3.1 Dinero electrónico

Cualquier sistema de intercambio de información es susceptible de utilizarse para intercambiar dinero. Pero la Internet no se diseñó pensando en transacciones comerciales. Estas se realizaban, y se continúan realizando, a través de redes especiales (lo que se  suele llamar Banknet). Los objetivos primordiales de la Internet eran facilitar la circulación de información científica y simplificar la interconexión de redes y equipos diversos, dejando un poco de lado los temas de seguridad.

La entrada de empresas y servicios comerciales en la Internet atraídas por ventajas competitivas, por el prometedor segmento de mercado formado por los usuarios, o simplemente porque es el único prototipo existente de las llamadas “autopistas de la información” se ha ido progresivamente acelerando. Inicialmente muchas entidades se han limitado a una especie de posición de observación, de hacer notar su presencia en la red por motivos de imagen, esperando poder maximizar las operaciones posibles cuando consideren el tema maduro. Esta persistente implantación hizo que superaran por primera vez en nodos conectados a las instituciones educativas y de investigación a finales del año 1994 ( a principios de 1995 ya había más de 32.000 empresas conectadas en EEUU según datos de la Internet Society). El cambio de la Internet de una red primariamente dedicada a temas académicos hacia una red de propósitos generales (comercio, información, ocio... ) estaba establecido.

Todo ello no hizo sino aumentar la presión y el interés existente para conseguir resolver el problema de la falta de seguridad. El uso comercial de la red requiere transacciones monetarias seguras de acuerdo con estándares reconocidos. Conseguir que se puedan realizar con normalidad pagos a través de la Internet y, especialmente, que el atractivo envoltorio que proporciona el World Wide Web sea el vehículo, ha reunido una cantidad ingente de esfuerzos en los ultimos meses.Y no sólo hay que considerar las operaciones de pago, sino también otras relacionadas, como el manejo de cuentas bancarias desde el domicilio del cliente, o las transacciones entre empresas.

Autenticidad y privacidad

El uso de la Internet para el intercambio de información sensible plantea dos grandes problemas:

·        La autentificación, es decir, asegurar que los interlocutores son realmente quienes dicen ser.

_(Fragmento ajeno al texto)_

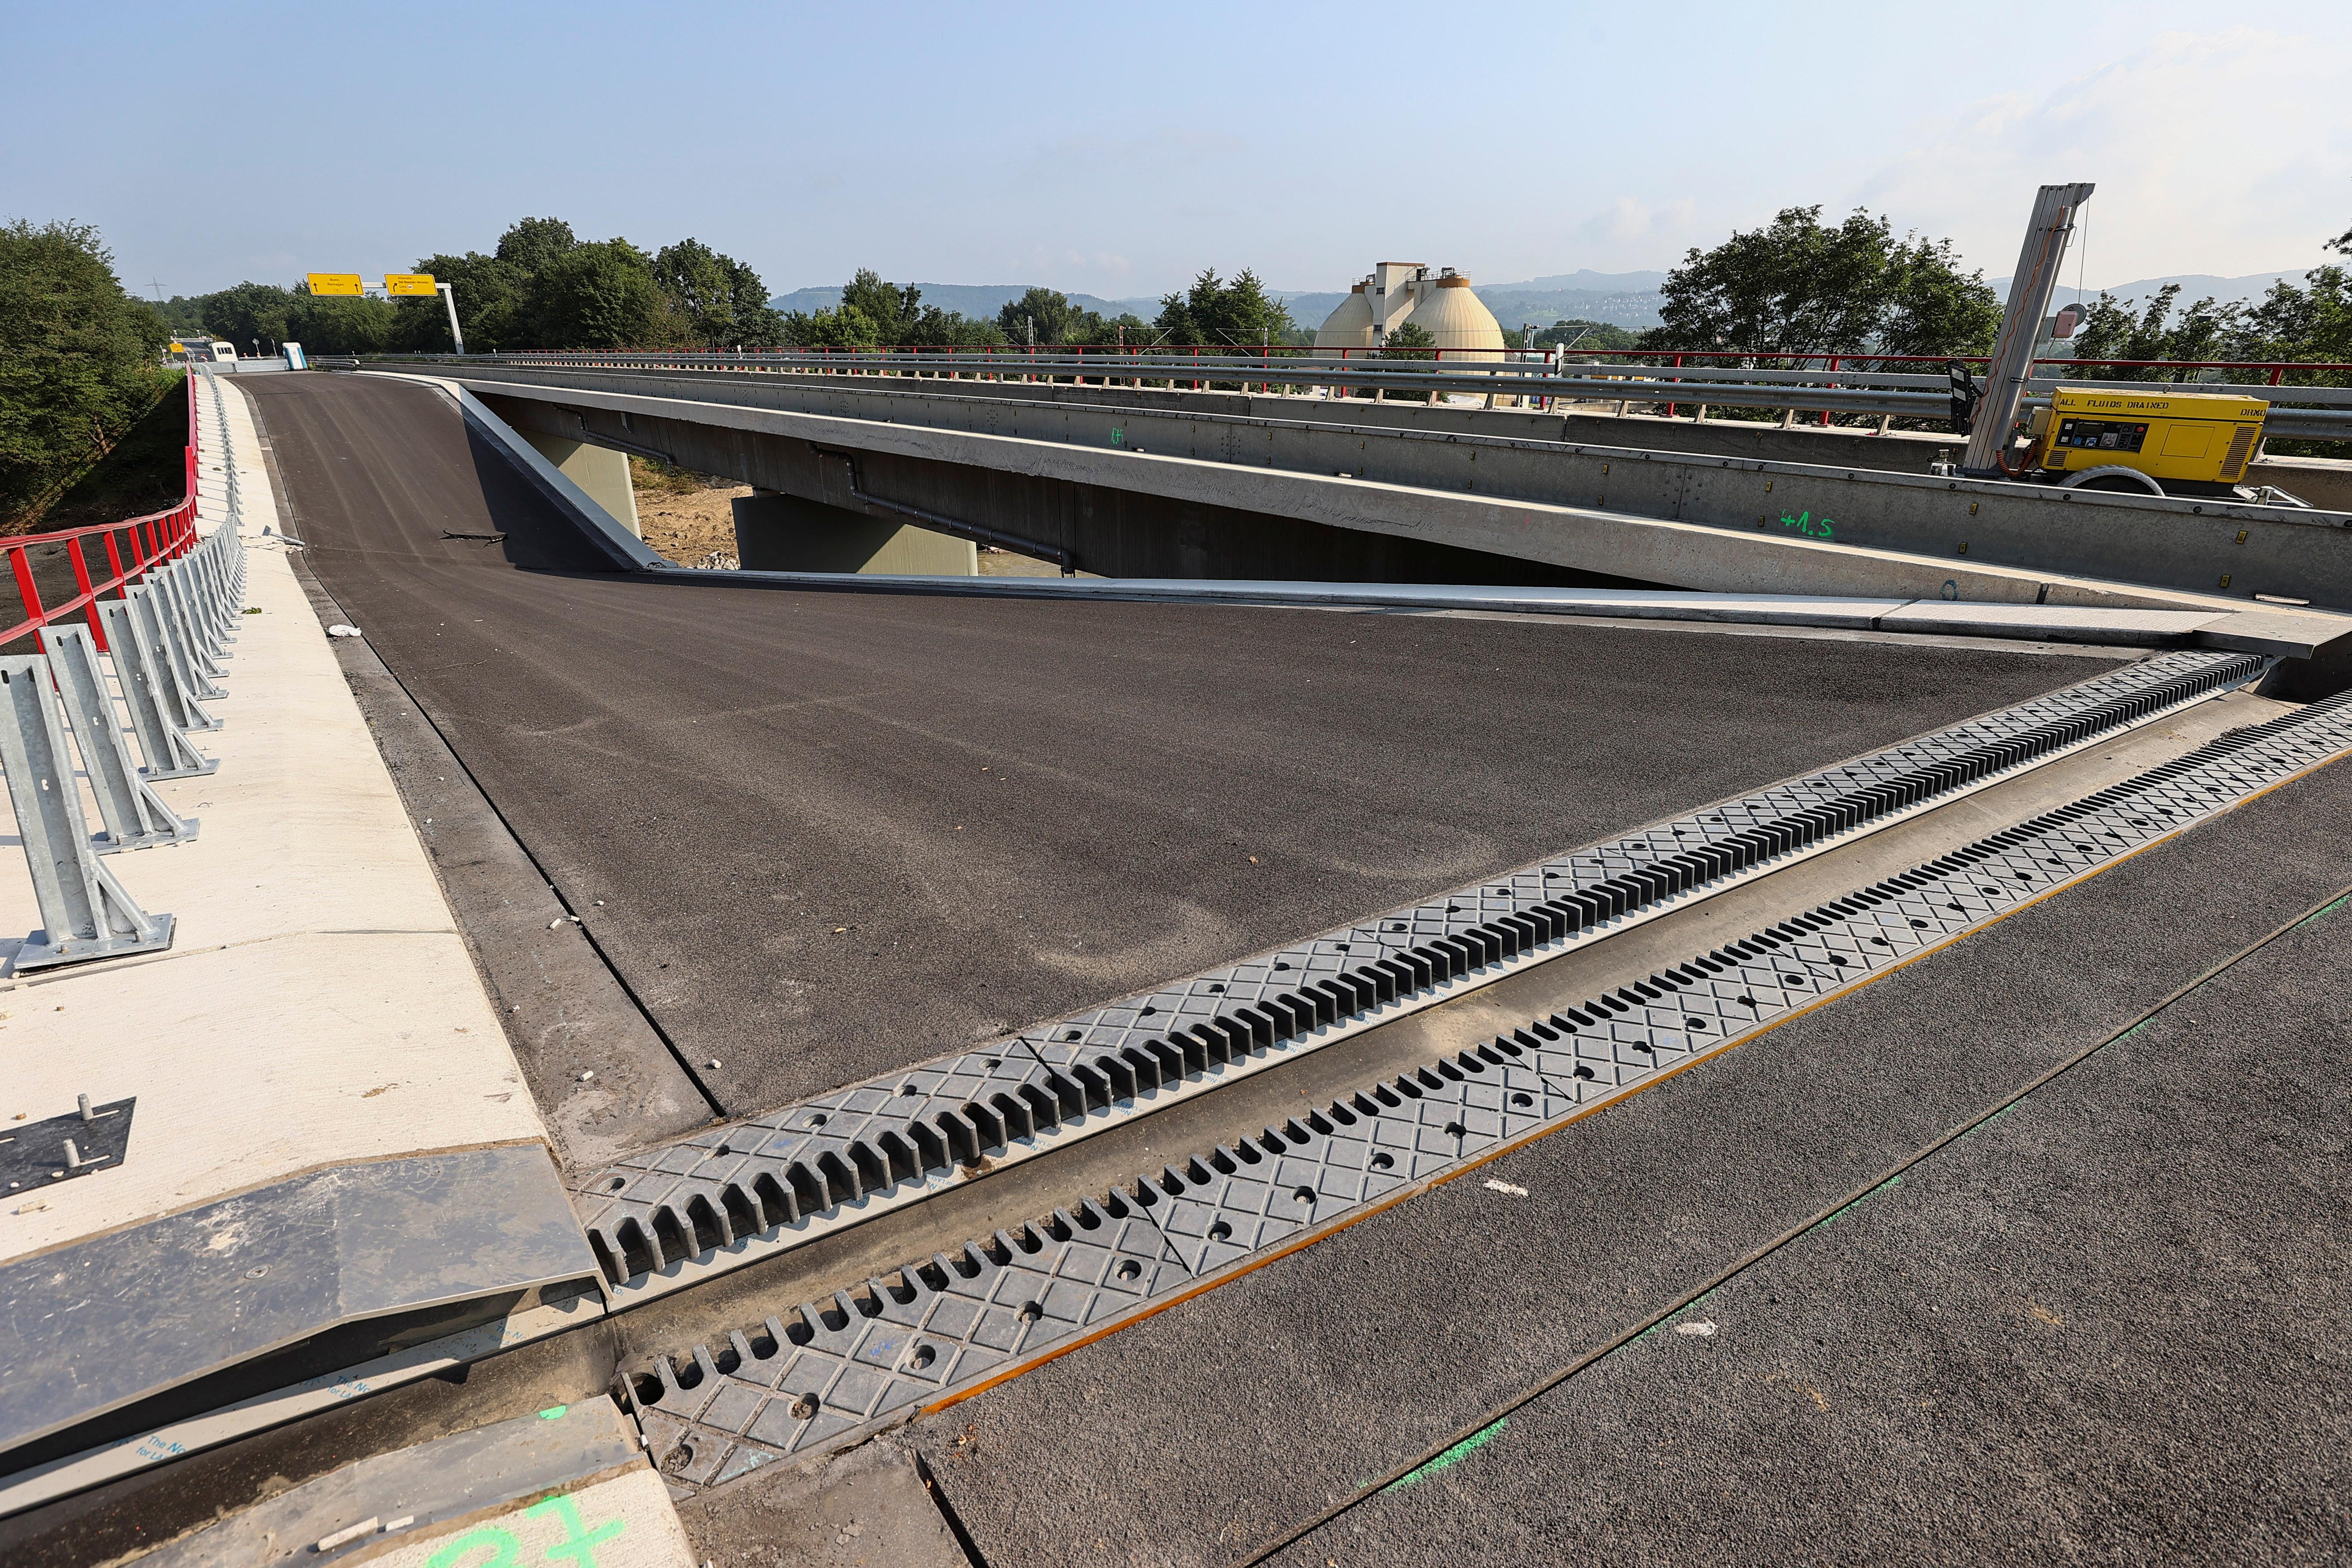 En ødelagt bro på B9 riksvei sees i et område som er rammet av flom forårsaket av kraftige nedbørsmengder, i Sinzig, Tyskland, 20. juli 2021. REUTERS / Wolfgang Rattay

·        La privacidad e integridad de los datos que circulan, o sea, que un tercero no pueda observar, copiar o modificar el contenido la información mientras se transmite.

Las soluciones a ambos problemas se basan en el uso de criptografía digital, es decir, de sistemas de cifrado. Estos sistemas, conocidos habitualmente como criptosistemas, consisten en aplicar un método (encriptado) a la información de manera que queda convertida en lo que se llama un texto cifrado. El texto cifrado carece de sentido a primera vista. Solo al aplicarle el método contrario (desencriptado) volvemos a obtener la información original. Actualmente la práctica totalidad de criptosistemas utilizan un sistema de claves .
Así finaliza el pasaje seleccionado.